I discuss the importance of oxygen-scarce (hypoxic) wetlands in the maintenance of fish faunal structure and diversity in East Africa:
First, I explore the role of dissolved oxygen as a divergent selective factor contributing to interdemic variation in freshwater fishes. Given the widespread nature of hypoxia in aquatic systems, and increasing levels of hypoxia associated with anthropogenic perturbations, microevolution in response to hypoxic stress may be a frequent phenomenon in nature. Over the past few years, our studies of East African fishes have demonstrated interdemic variation in respiratory traits in a suite of fishes that occur across gradients of dissolved oxygen availability. For two focal species, we have also established that variation in gill size is adaptive but can negatively impact non-respiratory characters, creating a fitness trade-off between high- and low-oxygen environments that may contribute to the maintenance of local phenotypes.

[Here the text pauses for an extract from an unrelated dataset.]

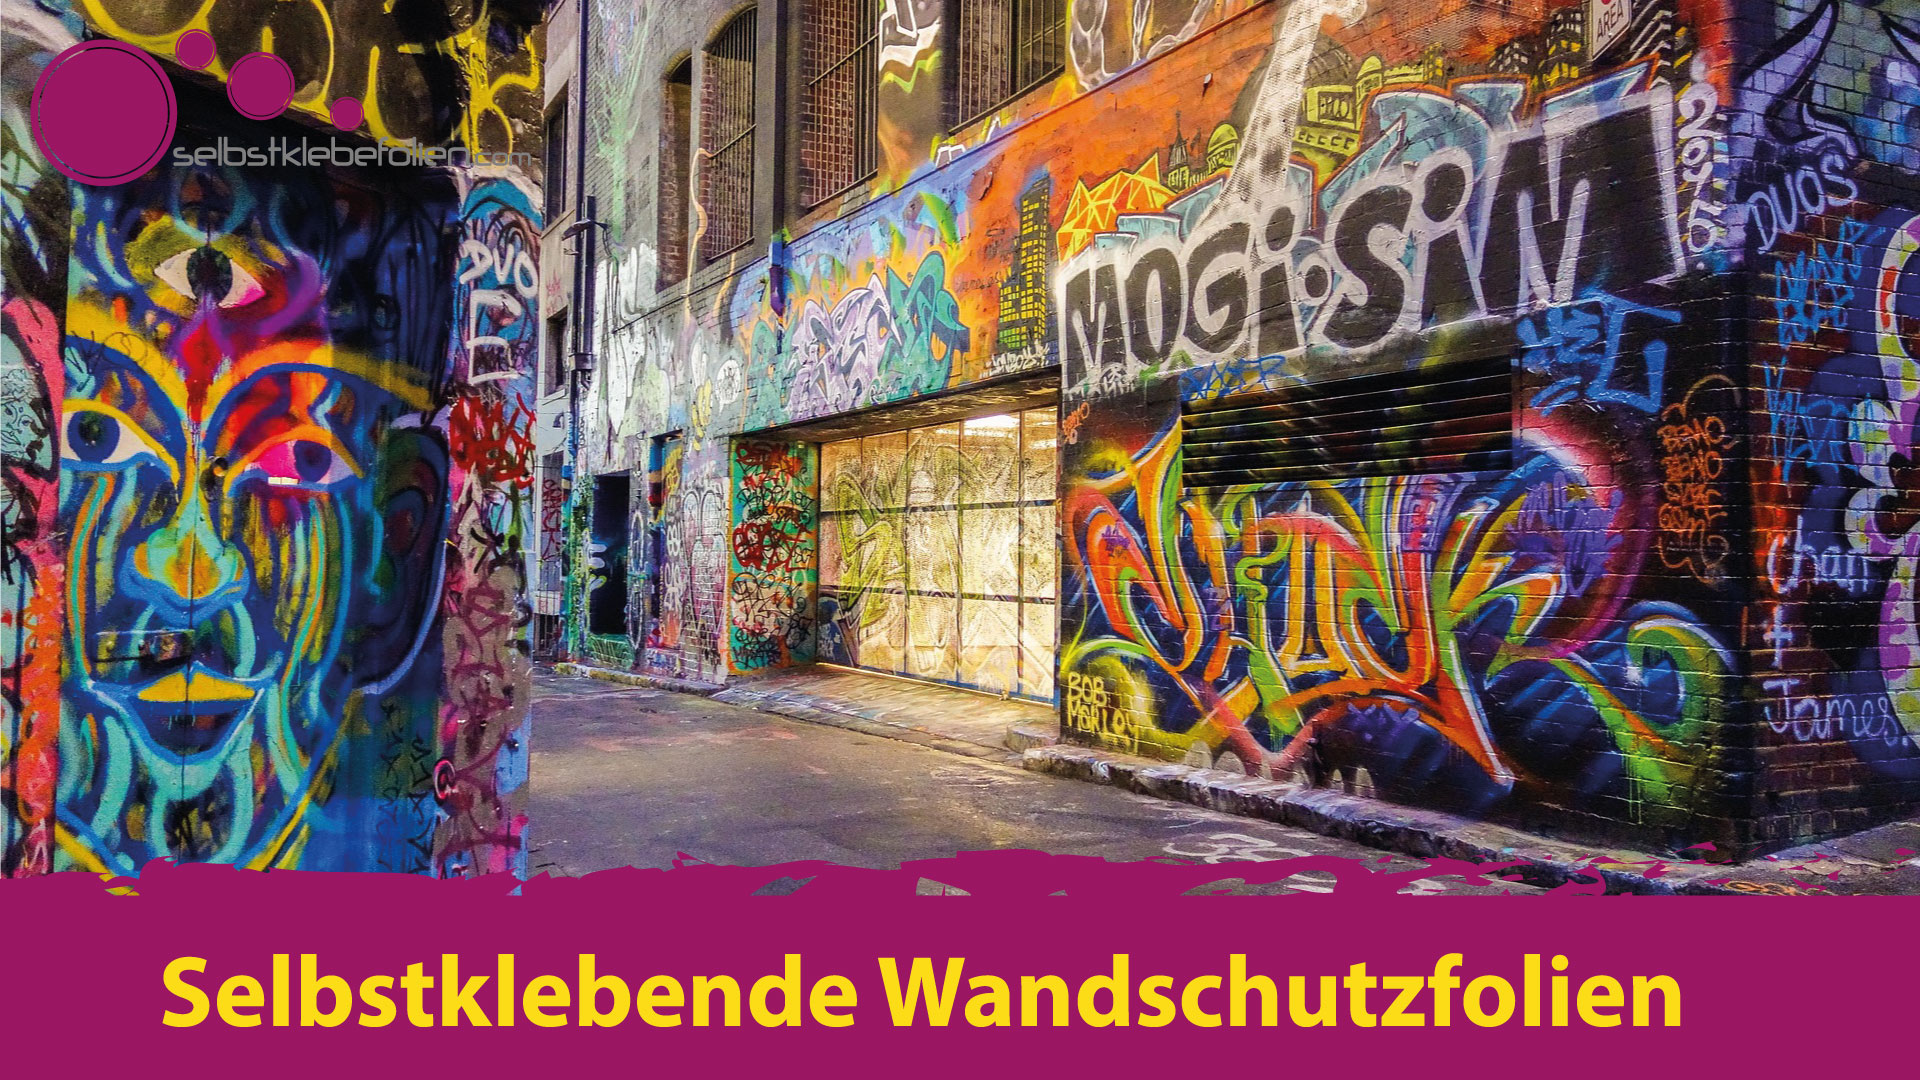 Selbstklebende Wandschutzfolie

Second, I apply our understanding of respiratory ecology to current conservation issues in the region—in particular, the importance of hypoxic wetlands as refugia and their potential effects on patterns of biodiversity loss and recovery in the Lake Victoria Region. The explosive speciation of haplochromine cichlid fishes in Lake Victoria is unrivaled among vertebrates; however, over 40% of the lake's endemic fishes disappeared between 1980 and 1986, which is associated with various anthropogenic perturbations, including the introduction of the predatory Nile perch. Our research has demonstrated the importance of physiological refugia in modulating the impact of introduced predators on indigenous fish communities, and highlighted the importance of wetland conservation.
My research combines ecological and physiological approaches to understand the evolution of freshwater fishes and applies these approaches to current conservation issues in tropical fresh waters. Currently, my major thematic focus is the study of evolutionary and ecological consequences of respiratory strategies in fishes. I am particularly interested in the role of hypoxia (oxygen scarcity) as a factor influencing the dispersal, distribution, and abundance of fishes, and adaptations of fishes to extreme environments. I have used studies of ecophysiology, ecomorphology, population ecology, and community ecology to investigate this theme. My current work in this area emphasizes links between the physico-chemical environment and patterns of interdemic variation. I have carried out fieldwork in many areas of the world (Canada, Barbados, Costa Rica, East Africa) with a current focus on lakes, rivers, and in particular, wetlands of Uganda.